The high profile of cyber breaches has created a culture in which device manufacturers, particularly those in the security industry, are making concerted efforts to prevent their products from becoming the “back door” that allows hackers to access customers’ networks — and the sensitive data therein.
“Cyber security awareness has had a positive impact on the industry at large, including how we put our own products through the paces to ensure that by the time it gets to the end user, it is indeed cyber secure,” says Fredrik Wallberg, director of marketing – security and ITS, FLIR, Wilsonville, Ore. “The fact that cyber security is now starting to become part of the spec has ensured that manufacturers, including us, have really had to address cyber security in a much greater sense.”
However, there’s a hidden challenge as a result of the growing cyber attack risk and the precautions needed to address it, says Jeff Whitney, vice president of marketing, Arecont Vision Costar, Glendale, Calif.
“Security manufacturers can’t make their platforms so secure that they become too difficult to manage and use, or that greatly limit the many benefits of IP networking and remote access via the cloud,” he says. “Customers either won’t select those platforms that are so secure that they are difficult to use, or they will find ways to bypass the intended safeguards.”
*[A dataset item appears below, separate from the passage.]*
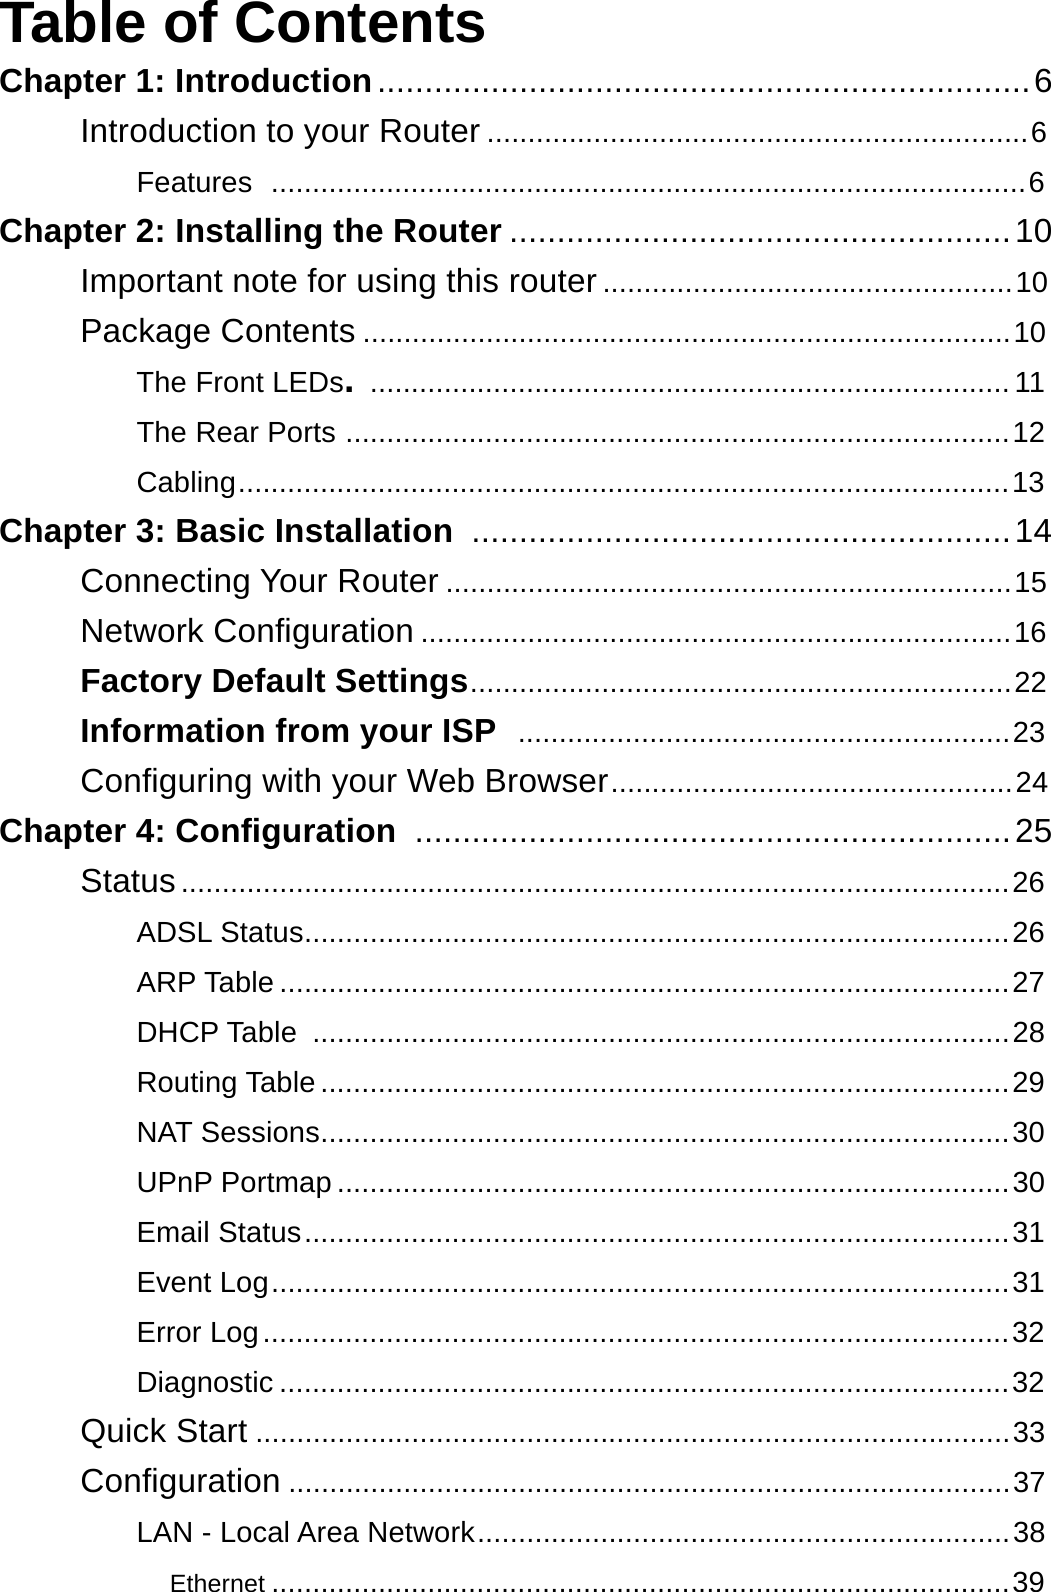 Table of Contents Chapter 1: Introduction ..................................................................... 6  Introduction to your Router .................................................................. 6  Features  ............................................................................................ 6  Chapter 2: Installing the Router ..................................................... 10  Important note for using this router .................................................. 10  Package Contents ............................................................................... 10 The Front LEDs. .............................................................................. 11  The Rear Ports ................................................................................. 12  Cabling.............................................................................................. 13  Chapter 3: Basic Installation  ......................................................... 14  Connecting Your Router ..................................................................... 15  Network Configuration ........................................................................ 16  Factory Default Settings.................................................................. 22  Information from your ISP  ............................................................ 23  Configuring with your Web Browser................................................. 24  Chapter 4: Configuration  ............................................................... 25  Status ..................................................................................................... 26  ADSL Status...................................................................................... 26  ARP Table ......................................................................................... 27  DHCP Table  ..................................................................................... 28  Routing Table .................................................................................... 29  NAT Sessions.................................................................................... 30  UPnP Portmap .................................................................................. 30  Email Status ...................................................................................... 31  Event Log .......................................................................................... 31  Error Log ........................................................................................... 32  Diagnostic ......................................................................................... 32  Quick Start ............................................................................................ 33  Configuration ........................................................................................ 37  LAN - Local Area Network ................................................................. 38  Ethernet .......................................................................................... 39

This requires balancing an acceptable level of cyber security with simplicity of use, system reliability, expandability, affordability, interoperability and ease of administration, with the importance of each of these factors varying from end user to end user.
Communication & Openness
One of the most powerful cyber security practices manufacturers employ has nothing to do with technology. In this age where hackers are relentless in their efforts to gain access to devices and networks, communication is key.
“Ultimately, we want to be known as a good business partner for both the integrator and the end user, and we’ve taken the stance that being open and honest is the best way forward,” says FLIR’s Fredrik Wallberg. “The more you share, the better.”
Many manufacturers provide a dedicated area on their website for communicating information about vulnerabilities, which products may need firmware updates, and more.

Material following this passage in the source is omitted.